Gu, J. (2016). Corrected policy-gradient update rules for reinforcement learning. UCLA Econometrics Field Paper. [Background and derivation]
Gu, J. (2016). Corrected policy-gradient update for recurrent action sequences. UCLA Econometrics Field Paper. [PDF]
Williams, R. J. (1992). Simple statistical gradient-following algorithms for connectionist reinforcement learning. Machine Learning, 8(3–4), 229–256.
Collins, A. M. & Loftus, E. F. (1975). A spreading-activation theory of semantic processing. Psychological Review, 82(6), 407–428.
Graves, A., Wayne, G. & Danihelka, I. (2014). Neural Turing Machines. arXiv:1410.5401.
Graves, A. et al. (2016). Hybrid computing using a neural network with dynamic external memory. Nature, 538, 471–476.
Park, J. S. et al. (2023). Generative agents: Interactive simulacra of human behavior. UIST 2023.
Wang, G. et al. (2023). Voyager: An open-ended embodied agent with large language models. arXiv:2305.16291.
Packer, C. et al. (2023). MemGPT: Towards LLMs as operating systems. arXiv:2310.08560.
Shinn, N. et al. (2023).
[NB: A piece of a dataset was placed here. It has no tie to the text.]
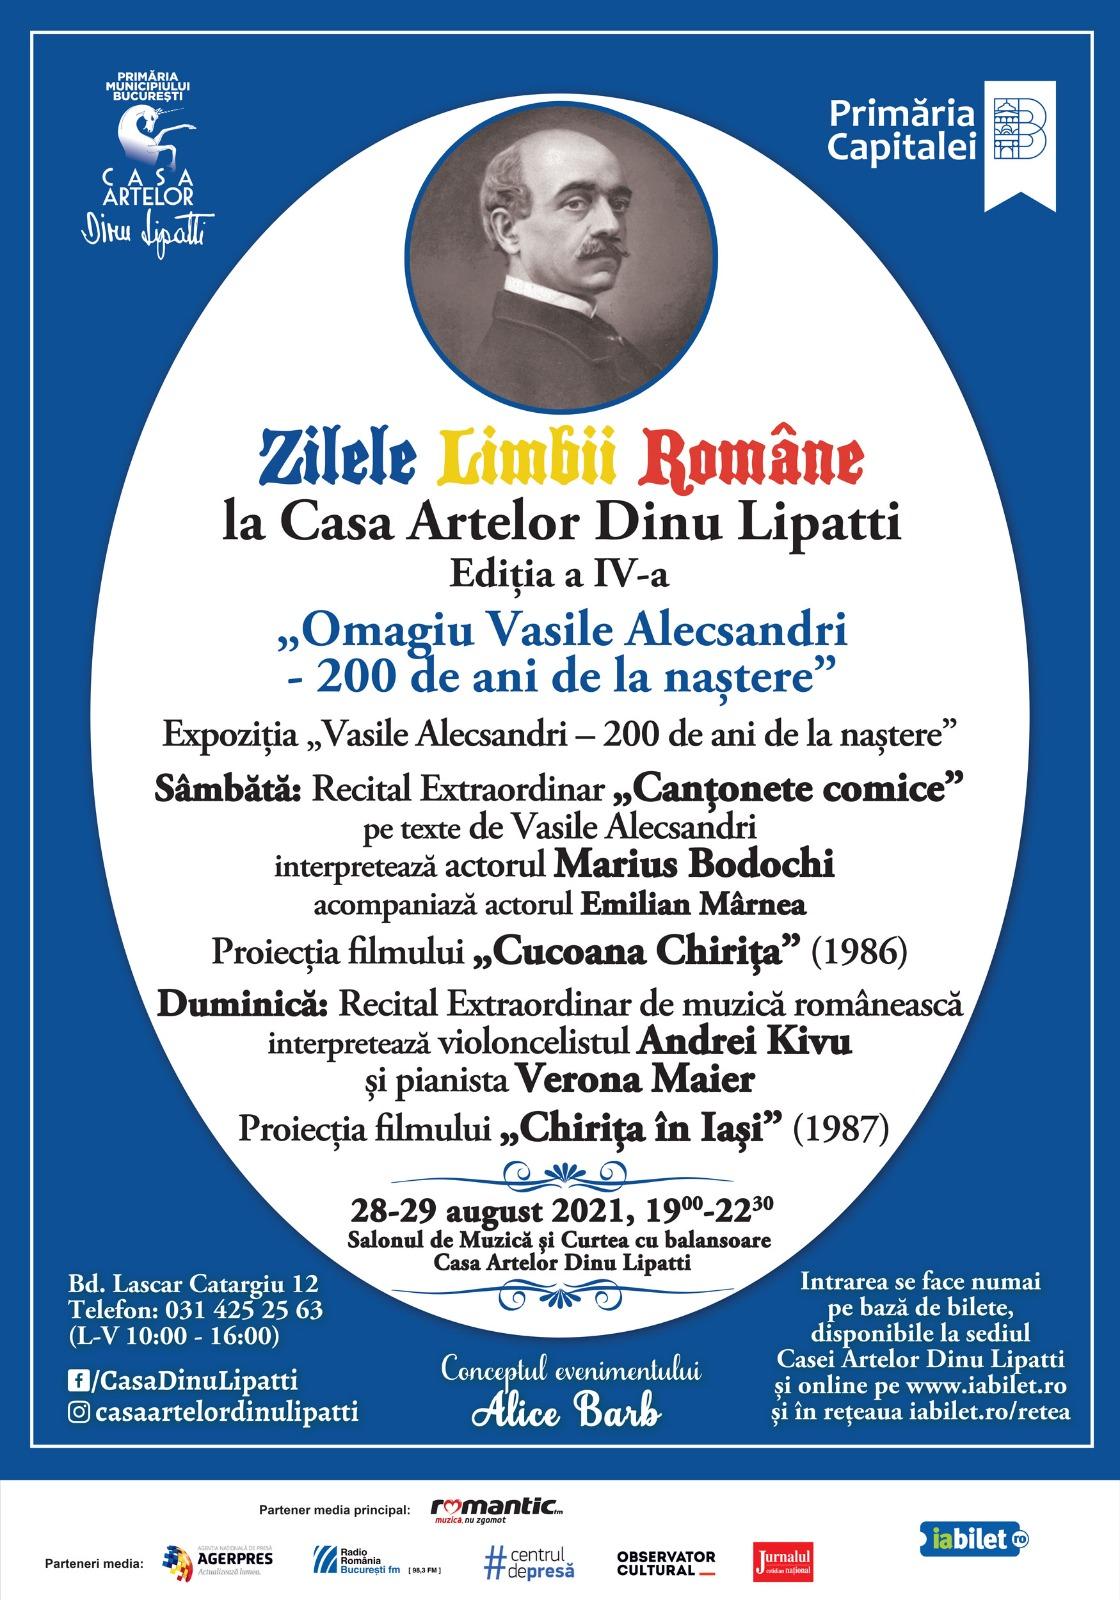 Zilele Limbii Române la Casa Artelor Dinu Lipatti Ediția a IV-a - Omagiu lui Vasile Alecsandri – 200 de ani de la naștere

Reflexion: Language agents with verbal reinforcement learning. NeurIPS 2023.
Yao, S. et al. (2023). ReAct: Synergizing reasoning and acting in language models. ICLR 2023.
Asai, A. et al. (2024). Self-RAG: Learning to retrieve, generate, and critique through self-reflection. ICLR 2024.
Sun, J. et al. (2024). Think-on-Graph: Deep and responsible reasoning of large language model on knowledge graph. ICLR 2024.